Le sens de la Trinité
La nuit dernière je cherchais à positionner mon esprit de diverses manières pour voir ce qui se passait. Je réfléchis souvent à de nouvelles péripéties de mon roman, pour intégrer de nouvelles énergies, mais là, je crois que je touche un peu à la limite des relations entre deux personnes humaines. J'ai beau faire, je n'arrive pas à les rapprocher davantage qu'une certaine distance, imposée sans doute par le fait que moi c'est moi, et l'autre c'est l'autre, et que c'est quand même irréductible. Cela dit entre la distance d (moi/l'autre), et la distance zero (moi seul), il y a une distance intermédiaire ε, qui serait la distance entre moi et mon yidam. Elle n'est pas nulle, tout en pouvant se réduire à une forme d'infiniment petit. Il est de première importance qu'elle ne soit pas nulle, car si on l'annule, il y a effondrement de moi sur moi et négation de l'altérité. En même temps, elle ne peut pas être non plus une quantité discrète, car elle doit tendre vers 0. Sans l'atteindre.
J'ai repensé à quelques situations qui illustrent bien cela. Par exemple, quand je lis Solaris, si je m'identifie à lui, je peux sentir assez bien l'énergie dont il parle. Si je me résume à moi, et que j'essaie de la sentir, je ne sens plus grand chose. Il est clair que si je reçois des transmissions nettes par la lecture, c'est toujours par identification, sachant que l'identification préserve toujours un ε entre moi et l'autre. Enfin pour moi c'est très clair.
Et ça doit marcher de la même façon avec le yidam, à savoir qu'il ne faut pas réduire la distance à zéro afin que l'énergie circule. il y a en fait une boucle entre moi et l'autre (yidam ou pas). En regardant l'autre, je reçois ce qu'il reçoit parce que je l'aime, et dans l'autre sens je le lui renvoie parce que je l'aime. Les deux conditions sont donc remplies simultanément, émission et réception. Alors que si la distance s'effondre, il ne peut plus y avoir de réception parce qu'il n'y a plus d'émission.
Du coup je me suis dit que ça expliquait l'histoire du Dieu trine. Je crois que les chrétiens, contrairement aux autres traditions, sont conscients du fait qu'il doit exister un "autre" pour que l'énergie circule, et ils l'ont modélisé dans leur conception de Dieu.
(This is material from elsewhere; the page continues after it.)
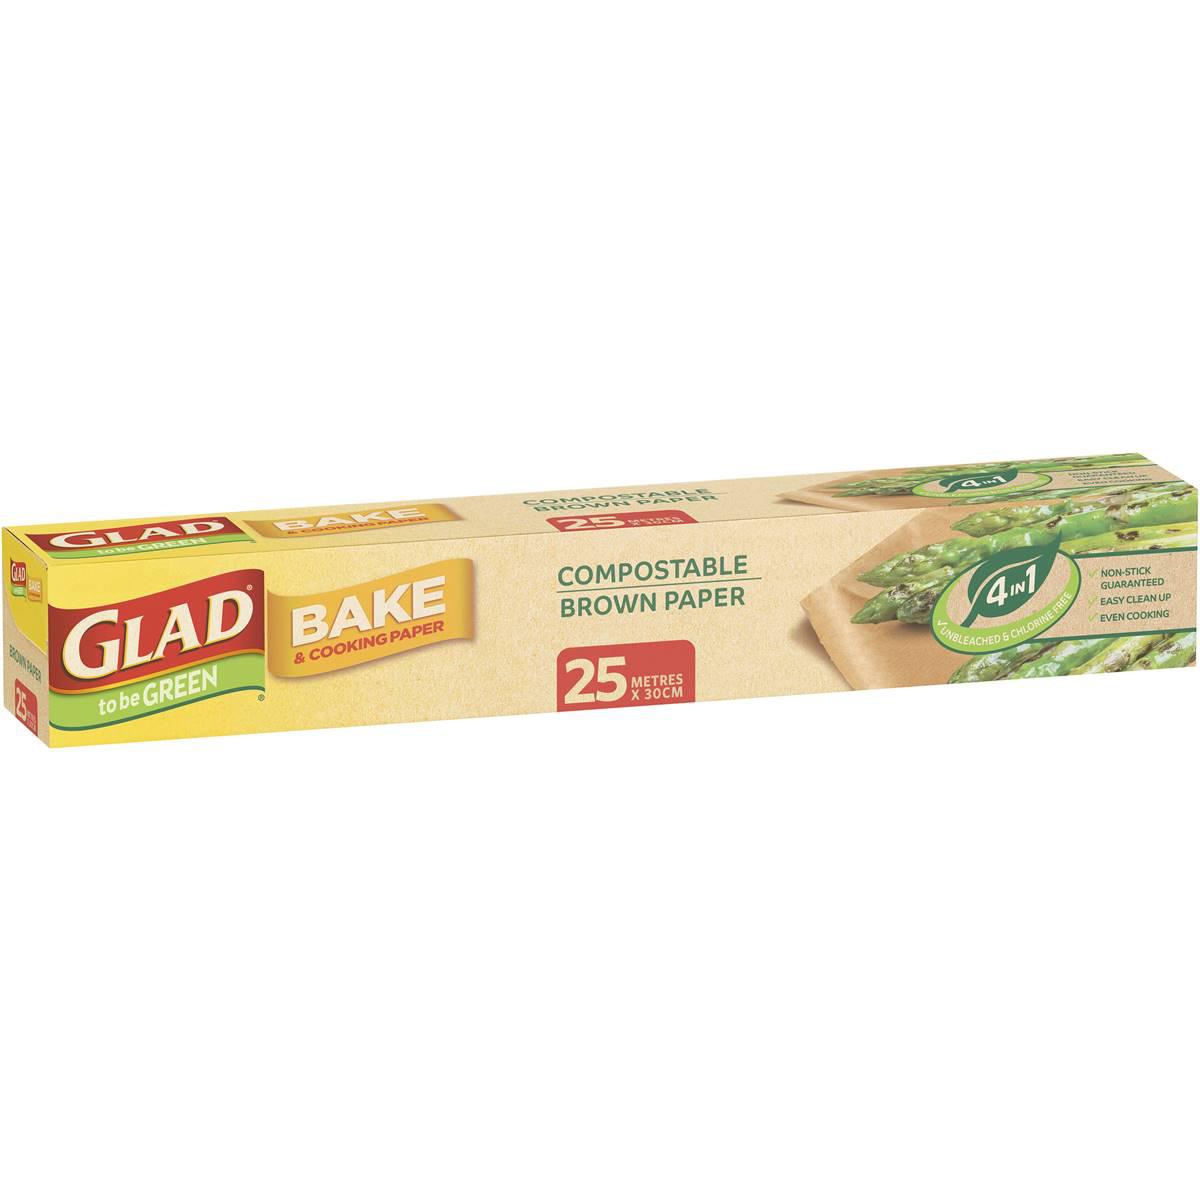 Glad To Be Green Compostable Brown Bake & Cooking Paper 25m 1 Pack

Entre le père et le fils, il n'y a que la différence minimale, celle de l'hypostase. Inversement, on pourrait dire que le distance minimale est celle qui existe entre deux hypostases qui partagent la même nature et la même essence. Cette distance étant minimale, la circulation d'énergie est maximale. Toutes les autres situations ne sont qu'une dégradation de celle-là.
Dans ce modèle, le "moi" est situé dans la position du père, c'est-à-dire du témoin, et le yidam est le fils, l'être qu'on doit engendrer, et qui est à la fois nous et pas nous. Mon yidam est un peu comme le Christ, il lui arrive toutes sortes d'aventures qui ne m'arriveront jamais. En fait, je peux concevoir qu'il lui arrive des aventures, alors qu'à moi, c'est impossible. En effet, le "moi" est toujours le point aveugle totalement inconcevable à qui il n'arrive jamais rien. Il n'est pas nécessaire d'être un bouddha, pour se rendre compte qu'il ne peut rien arriver à "moi", parce que c'est l'oeil qui ne peut pas se retourner sur lui-même. Et s'il tente de le faire, en imaginant ses propres aventures, il s'enferme dans un trou noir. L'oeil est fait pour contempler un Autre, de même que le Père ne se réalise que dans le Fils (et inversement). Enfin bon, peut-être qu'Alix pourra élaborer avec son esprit philosophique... je crois que j'ai dit le principal.